However, workshop participants raised a number of obstacles to achieving patient-centered cancer treatment planning in practice, suggesting that there is much room for improvement. Some of these challenges stem from the patient and include patients' lack of assertiveness, health literacy, and numeracy, and their emotional state and concurrent illnesses. Others were a result of physician limitations, such as a lack of time to explain complex information and a lack of tools to facilitate treatment planning, as well as insensitivity to patients' informational, cultural, and emotional needs. Many participants stressed the variable and often suboptimal communication between the patient and health care provider that may not be culturally or personally appropriate and information overload for the patient or family, without appropriate written documentation of treatment plans, options, and expectations that the patient and family might refer to after a visit. For example, recent studies found that only half of early-stage breast cancer patients knew that patients treated with mastectomy and those treated with lumpectomy have equivalent survival outcomes [16
], and only 11% of patients were able to answer three questions about breast reconstruction correctly [17
]. The lack of decision support tools (such as those embedded within electronic health record systems) was also cited as a barrier to cancer treatment planning, especially given the increasingly complex medical data that health care providers need to consider when making treatment decisions.
In addition, a number of system challenges were emphasized at the workshop, including a lack of financial incentives for providers to devote the time and effort required for patient-centered care planning, the costs of providing patient-centered cancer care, and the fragmentation of the health care system. Many workshop participants stressed that the current reimbursement system for health care does not compensate providers for the time it takes to develop, discuss, and document a treatment plan. Some workshop participants also questioned how the provision of patient-centered cancer treatment planning would affect the already high costs of medical care. For example, one workshop participant said it is difficult to imagine how the additional costs of supporting patient navigation will be borne, given the current economic climate: “To put a new player on the ground, you are going to have to save somewhere, and continuity of care and systems that are organized to realize those cost savings aren't out there right now.” However, others suggested that patient navigation may likely reduce health care costs by averting readmissions and costly errors, and could improve the efficiency and effectiveness of the medical system by fostering low no-show rates, better adherence to treatment regimens, and timely access to medical care before major health complications develop. Several workshop participants called for the inefficiency and waste in the current health care system to be addressed so that resources could be redirected to providing better, more comprehensive, and more coordinated care to patients.

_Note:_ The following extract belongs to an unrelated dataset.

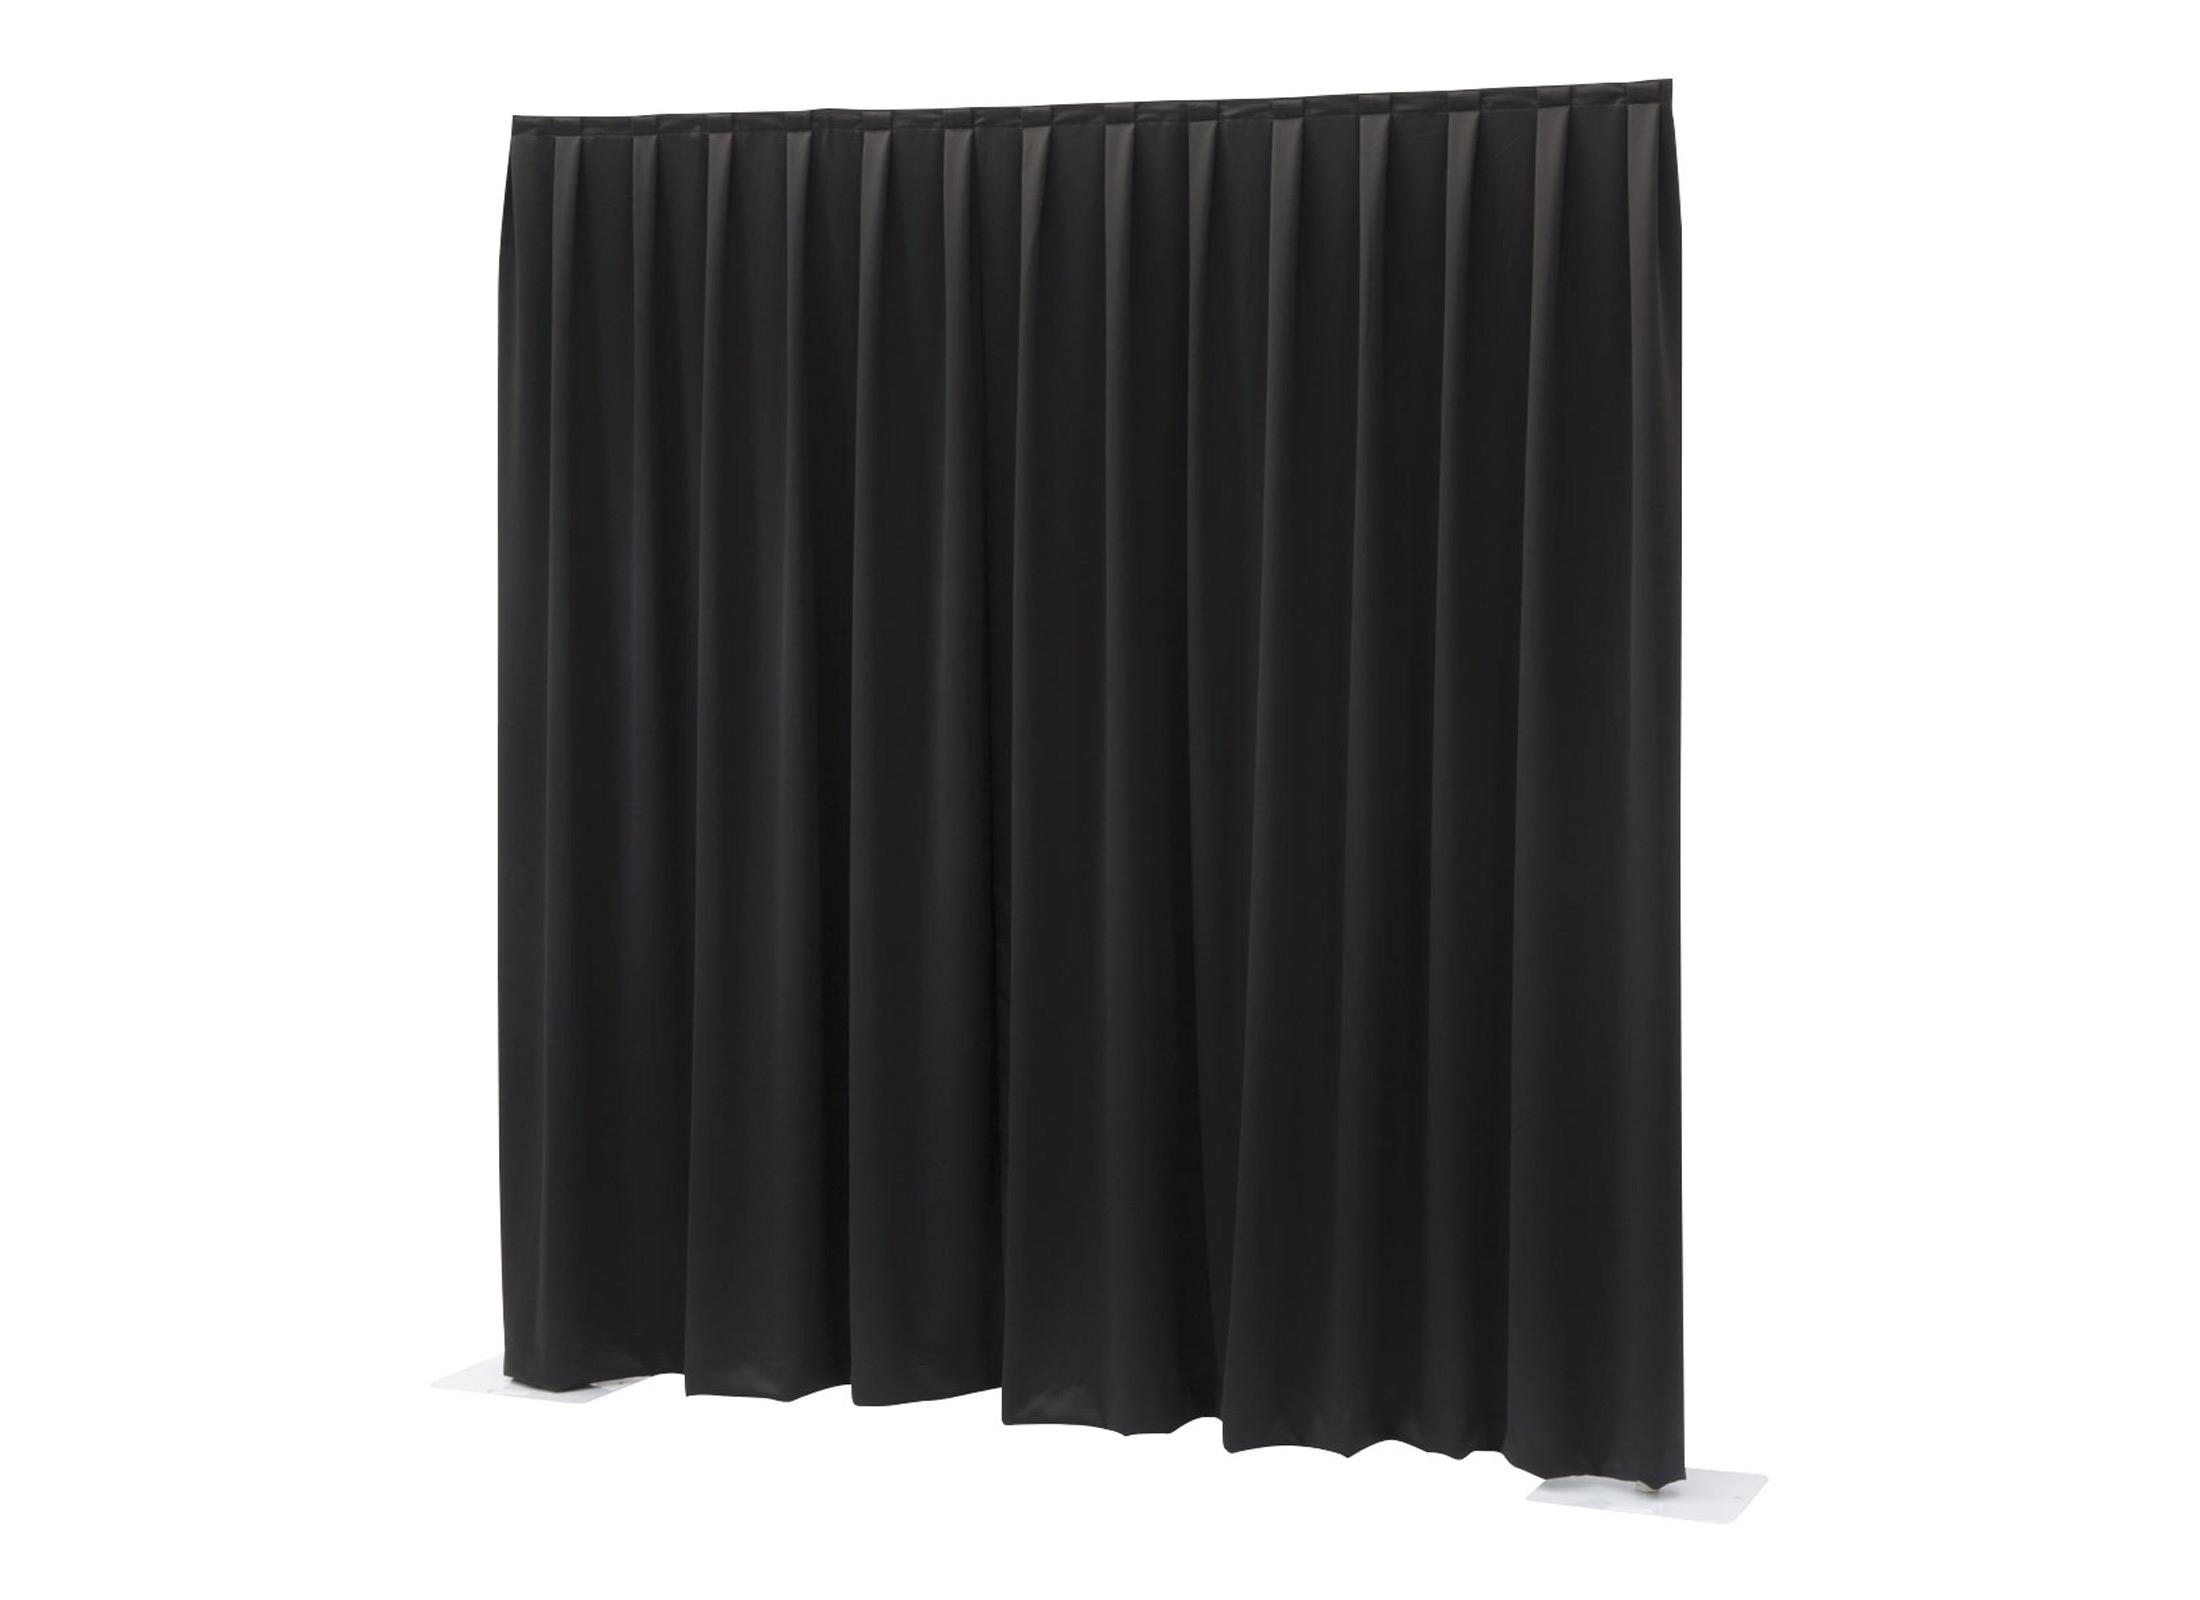 wentex pipes drapes vorhang molton 3x3m 300g m schwarz g nstig online kaufen bei huss. Black Bedroom Furniture Sets. Home Design Ideas

Many workshop participants noted that insufficient coordination of cancer care, which involves multiple specialties, providers, and locations, can also hamper the development of comprehensive treatment plans. A particular coordination challenge is the frequent lack of involvement of primary care providers in cancer treatment planning. The primary care team may know the patient and family better and longer than the oncology team, and may need to be kept abreast of their patient's cancer treatments because it influences how they care for a patient's concurrent illnesses and conditions. Numerous factors that might contribute to that lack of involvement were noted, including inappropriate exclusion by the oncology team, the inability of primary care physicians to devote the time needed to keep up with myriad complex and rapidly changing cancer treatment regimens, and the lack of availability of primary care physicians resulting from workforce shortages. Referral patterns may also hamper coordination between primary care and oncology. Primary care practitioners have a number of referral options to consider when their patient is facing a cancer diagnosis, including cancer centers, community oncology practices, or general surgery, and some workshop participants noted that it can be difficult for primary care practitioners to know which option is best suited to their patient's needs. Similarly, a surgeon may refer a patient to a medical oncologist following surgery, but the patient's primary care practitioner may not be included in this process.